Aspiraron el aire matinal. Después del olor repugnante que despedía siempre un apestado, aquel aire era suave, fresco, transparente y ligero, como si la nieve recién caída hubiera barrido de la atmósfera la enfermedad y el contagio. En los labios se notaba un gusto a agua de manantial…

La campana empezó a tocar. Sira Eiliv y Ulf levantaron la cabeza para verla moverse detrás de los ventanillos del campanario. Pequeños copos se desprendían a cada movimiento de la campana, giraban y caían en menudas bolas redondas quedándose, a veces, en las bandas negras del tejado.

—Esta nieve no cuajará —observó Ulf.

—No, sin duda se derretirá antes de la noche —contestó el sacerdote.

Entre los desgarrones de las nubes se veía el pálido cielo dorado, y unos tímidos rayos de sol caían, como sin querer, sobre la nieve.

Ulf Haldorssoen dijo en voz baja:

—Estoy pensando, Sira Eiliv, que quiero donar tierras a la Iglesia y el vaso de plata que ella me regaló como recuerdo de Lavrans Bjoergulfssoen, para que se digan misas por ella con regularidad, por mis ahijados y por Erlend, mi pariente.

El sacerdote contestó en el mismo tono, sin mirar a Ulf:

—Me parece que sientes necesidad de dar las gracias a Aquel que te trajo aquí anoche. ¿Eres feliz, verdad, porque has podido venir en su ayuda?

—Es cierto —afirmó Ulf Haldorssoen. Luego añadió con ligera sonrisa—: Y ahora, padre, casi me arrepiento de no haber pretendido con ella ser más que un amigo.

—Es estúpido perder el tiempo en arrepentimientos tan inútiles.

—¿Qué quieres decir?

—Quiero decir que sólo es útil el arrepentimiento del propio pecado.

—No acabo de entenderte.

—Nadie es bueno sin Dios, nada bueno podemos hacer sin Él. Es, pues, inútil lamentar una buena acción, Ulf.

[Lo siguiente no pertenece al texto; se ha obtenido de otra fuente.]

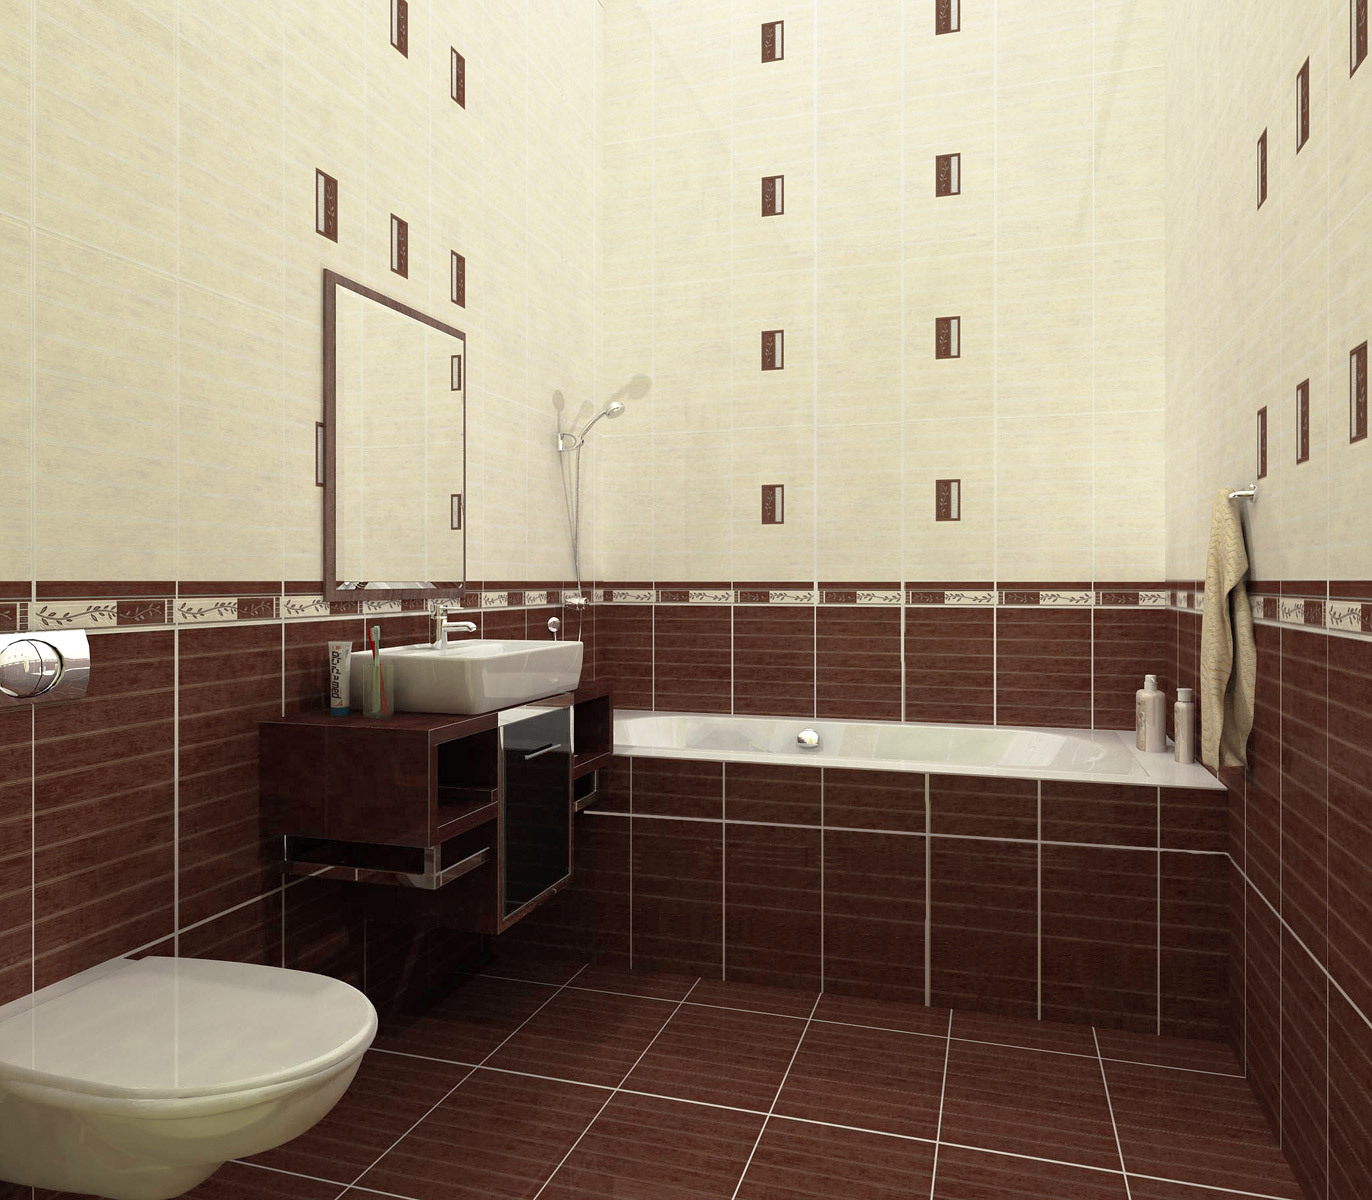 Классический дизайн плитки

El bien que hayas hecho permanecerá aunque se derrumben las montañas.

—Claro, claro; es que no te sigo bien, Sira Eiliv, porque estoy cansado.

—Y también tendrás hambre; ven conmigo a la cocina.

—Gracias, no tengo ganas de comer —murmuró Ulf.

—No obstante, es mejor que tomes algo —y Sira Eiliv apoyó su mano sobre el brazo de Ulf. Así cruzaron el patio para ir a la cocina.

Casi sin pensarlo, andaban con tanta ligereza y tanta suavidad como podían sobre la nieve recién caída.